2. 2,500,000 (two million five hundred thousand) registered shares series B, privileged as to the voting rights identified by the numbers B No. 1 - 2,500,000. Each B series share gives a right to two (2) votes in a General Meeting.
3. 7,500,000 (seven million five hundred thousand) registered shares series C, privileged as to the voting rights identified by the numbers C No. 1 - 7,500,000. Each C series share gives a right to two (2) votes in a General Meeting.
4. 175,000,000 (one hundred seventy five million) shares series D, identified by the numbers D No. 1 - 175,000,000 including:
a) 166,917,501 (one hundred sixty six million, nine hundred seventeen thousand, five hundred and one) registered shares, privileged as to the voting rights in a manner that each of the shares entitles to two (2) votes in a General Meeting identified by the numbers D No. 1 - 166,917,501,
b) 8,082,499 (eight million, eighty two thousand, four hundred and ninety nine) bearer shares identified by the numbers D No. 166,917,502 - 175,000,000.
5. 75,000,000 (seventy five million) ordinary, bearer shares series E identified by the numbers E No. 1 - 75,000,000.
6. 5,825,000 (five million eight hundred twenty five thousand) ordinary, bearer shares series F identified by the numbers F No. 1 - 5,825,000.
Art. 9
The Shares shall be paid up at # (one fourth) of their face value before the Company registration, and the reminder in installments and dates indicated in a resolution of the General Meeting. 
Art. 10
1. Conversion of shares from registered into bearer shares is done upon the motion of a shareholder.
2. The possibility of conversion of the bearer shares into registered shares is excluded.
Art. 11
1. The share capital may be increased: 
a) through new shares issue, 
b) through share face value increase. 
2. Company shares are issued in series marked with subsequent letters of the alphabet. 
3. A decrease of the share capital may be effected through: 
a) a decrease in the share face value, 
b) redemption of a part of shares, or 
c) share consolidation. 
Art. 12
1. Shares may be redeemed pursuant to a resolution of the General Meeting in the case of: 
a) resolving to decrease the share capital, 
b) purchase of own shares by the Company. 
2. Redemption of shares requires a decrease in the share capital of the Company. 
3. Shares may be redeemed upon a shareholder's request. 
4. The repayment of redeemed shares shall be made according to the book value.
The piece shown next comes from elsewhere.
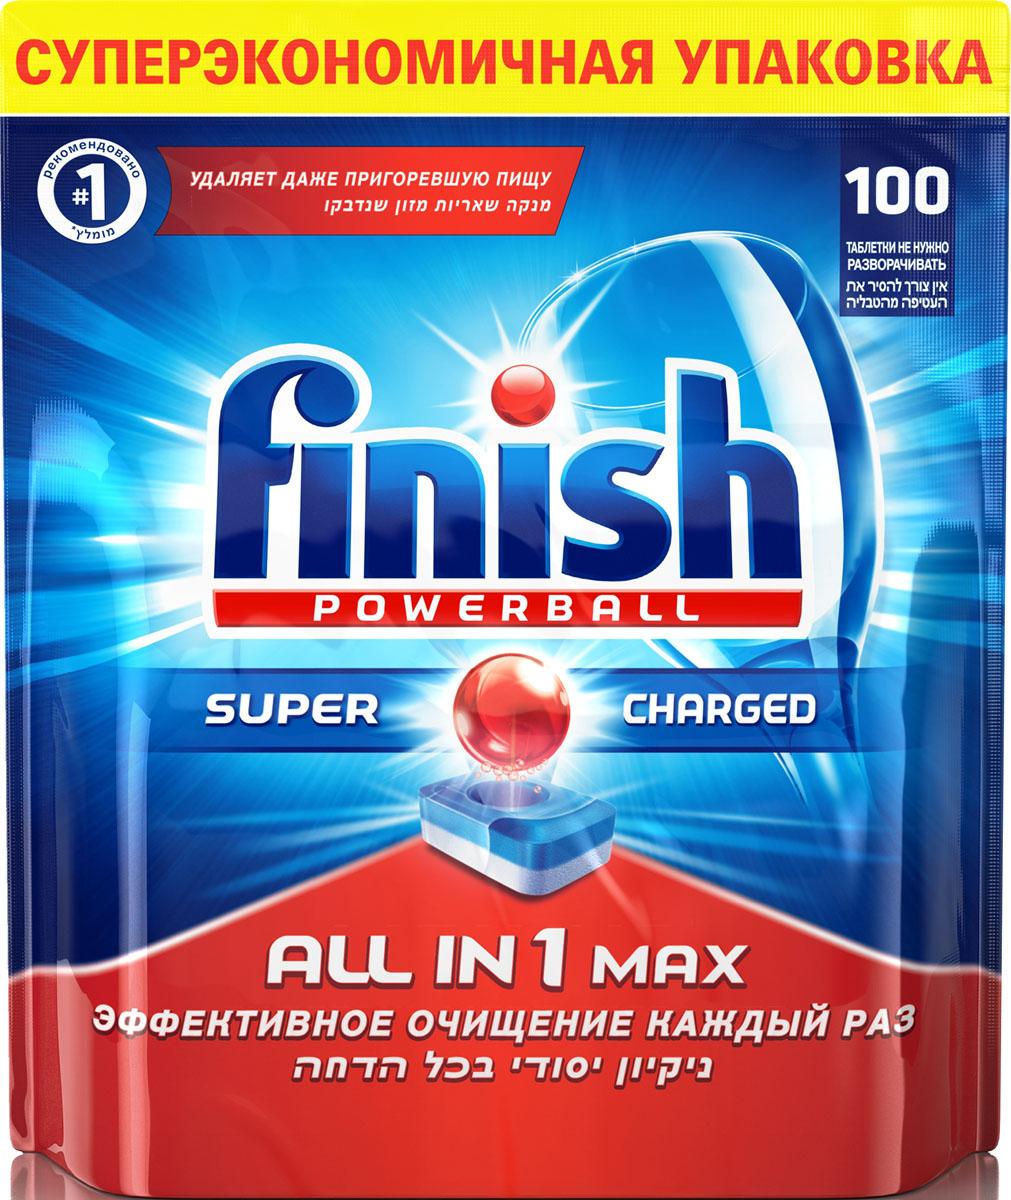 Таблетки для посудомоечной машины Finish Powerball All in 1 Max, 100 шт10015_в пакетеТаблетки для посудомоечных машин Finish Powerball All in 1 Max обеспечивают сверкающую чистоту и блеск, а также защищают стеклянную посуду от налета. Они идеальны для использования на коротких циклах - таблетки быстро растворяются. Состав: 30% и более фосфаты, 5% или более, но менее 15%, кислородсодержащий отбеливатель, менее 5% поликарбоксилаты, менее 5% неионогенные ПАВ, менее 5% фосфонаты, энзимы, ароматизаторы, гексилциннамаль, линалоол. Товар сертифицирован.

In the case a the company being a listed one, the repayment price is determined as an average share price of the Company for the 30 previous days prior the resolution of the General Meeting regarding the redemption. 
CHAPTER IV
Authorities of the Company
Art. 13
The authorities of the Company's are: 
I. The Management Board 
II. The Supervisory Board
III. The General Meeting of Shareholders 
I.  THE MANAGEMENT BOARD
Art. 14
1. The Management Board conducts the Company's daily business under the lead of the President of the Board and represents it in external relations. 
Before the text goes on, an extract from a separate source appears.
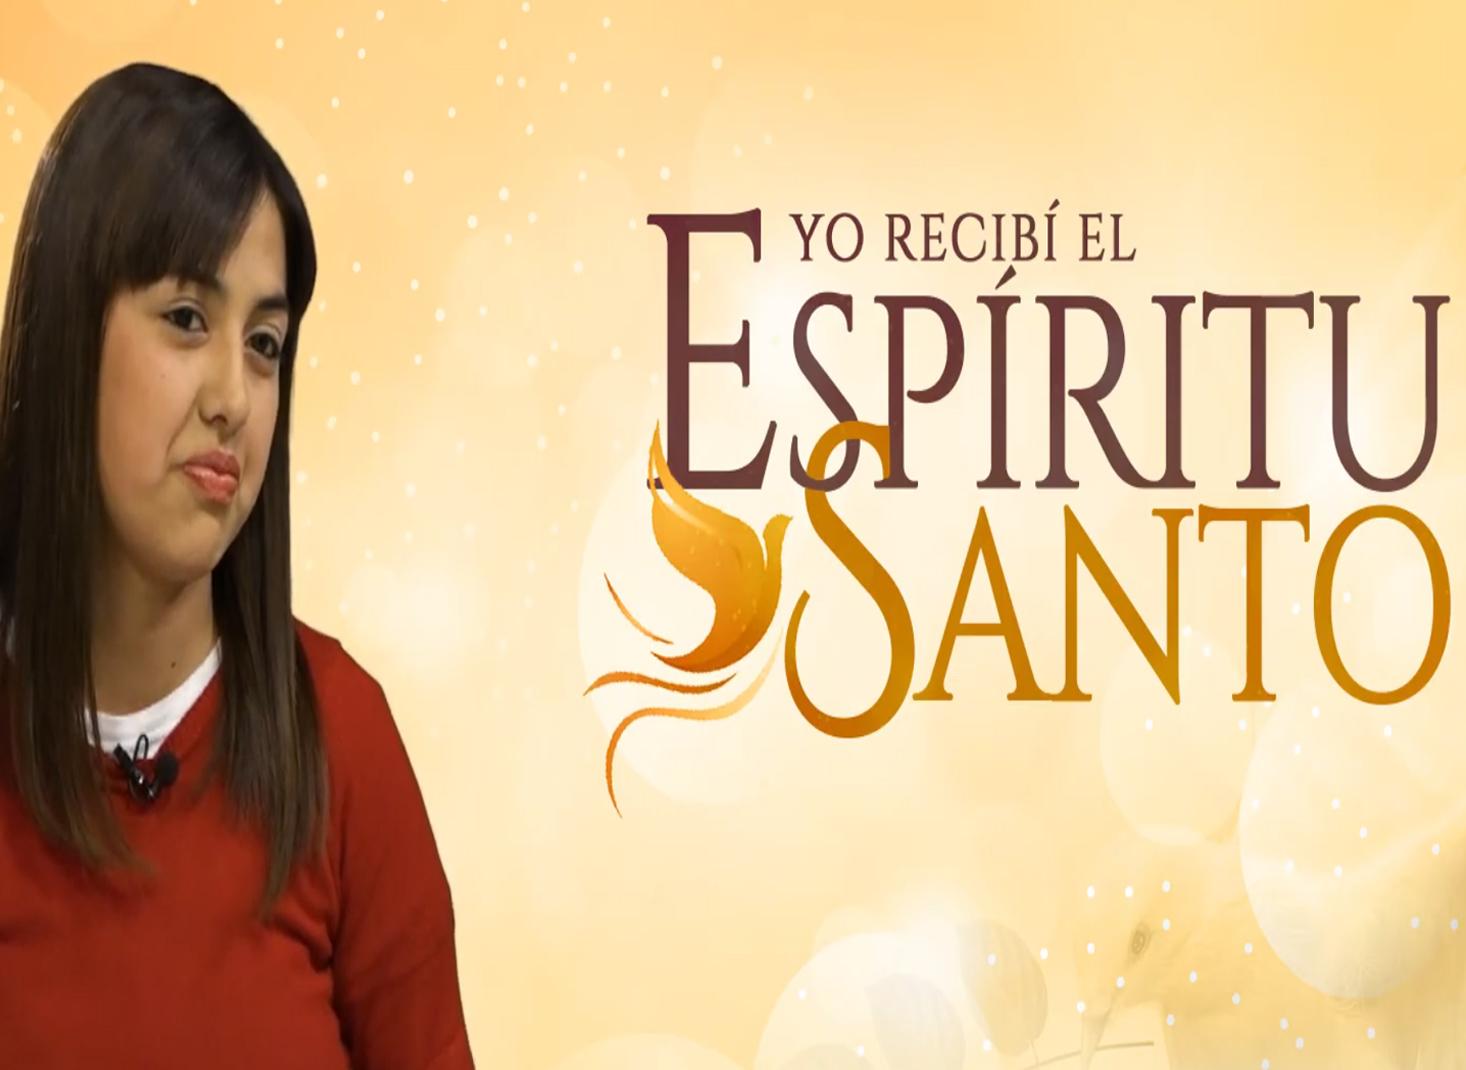 Espíritu Santo - transformación

2. All matters related to the business of the Company, not restricted by the law or the Articles of Association to the competence of the Supervisory Board or the General Meeting are within the scope the business of the Board. 
3. A detailed procedure for the conduct of the Board of the Company is set out by the Regulations of the Board, adopted by the Board and approved by the Supervisory Board. 
Art. 15
1. The Management Board shall be composed of one (1) member, including the President of the Board. 
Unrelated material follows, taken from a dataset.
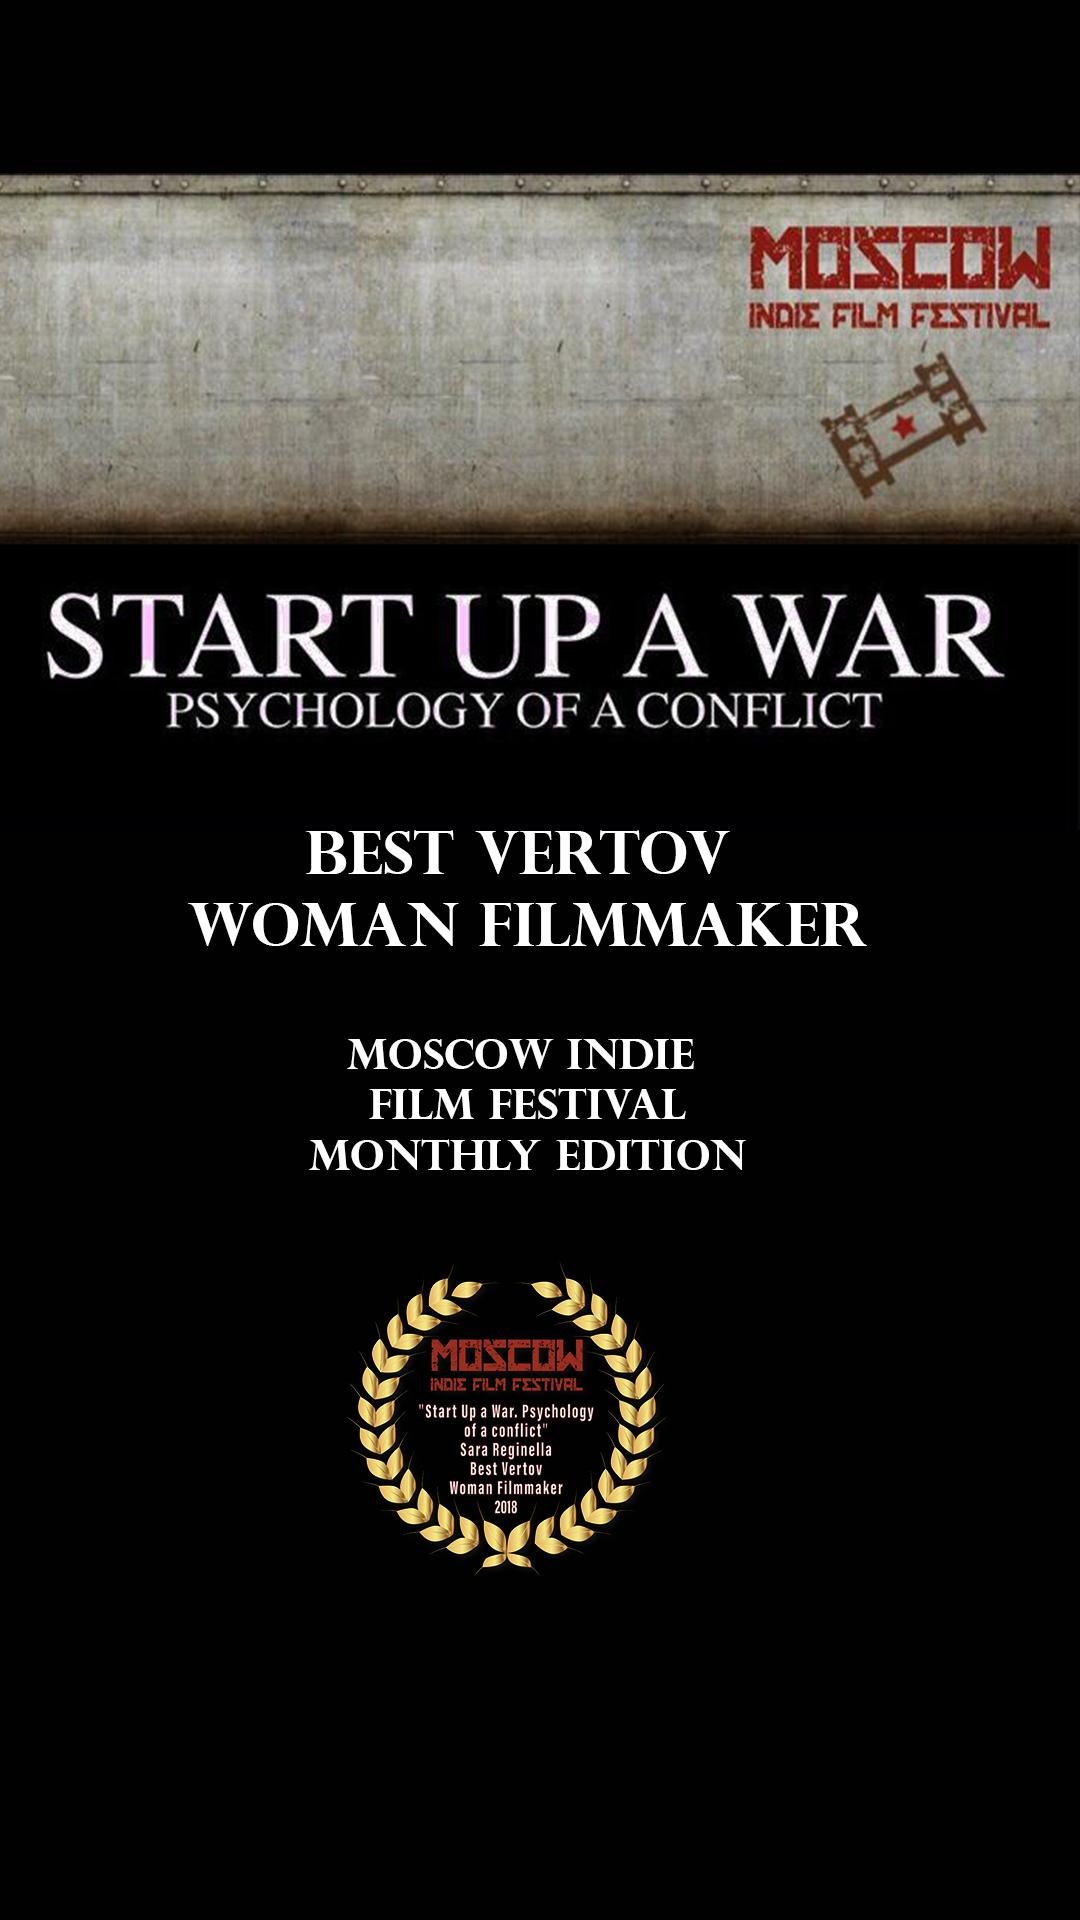 Sara Reginella | Start Up a War Moscow Indie Film Festival

2. The Supervisory Board appointing members of the Board sets out their number. 
3. The term of the First Board is two years. The term of each subsequent Board is three years. The term of the Board is a joint one. 
4. Members of the Board may be dismissed at any time by the Supervisory Board, not preventing them from forwarding claims resulting from their employment agreements. 
5. In a case of equal number of votes upon passing resolution by the Board, the President's vote shall be the decisive one. 
Art. 16
The following are entitled to issue statements on behalf on the Company:
-in the case of one person board - the President of the Board acting solely,
- in the case of group board - the President of the Board acting solely, two members of the Board acting jointly, or a member of the board acting jointly with a proxy.

Art. 17
All the members of the Board must grant their consent to establishment of a proxy. 
Each member of the Board may revoke the power of proxy. 
Art. 18
The Supervisory Board is authorized to enter into agreements with members of the Board on behalf of the Company.
II. THE SUPERVISORY BOARD
Art. 19
1. The Supervisory Board exercises permanent supervision over the Company's activities in all areas. Within their supervisory competence, the Supervisory Board may claim any information or document regarding the activities of the Company. 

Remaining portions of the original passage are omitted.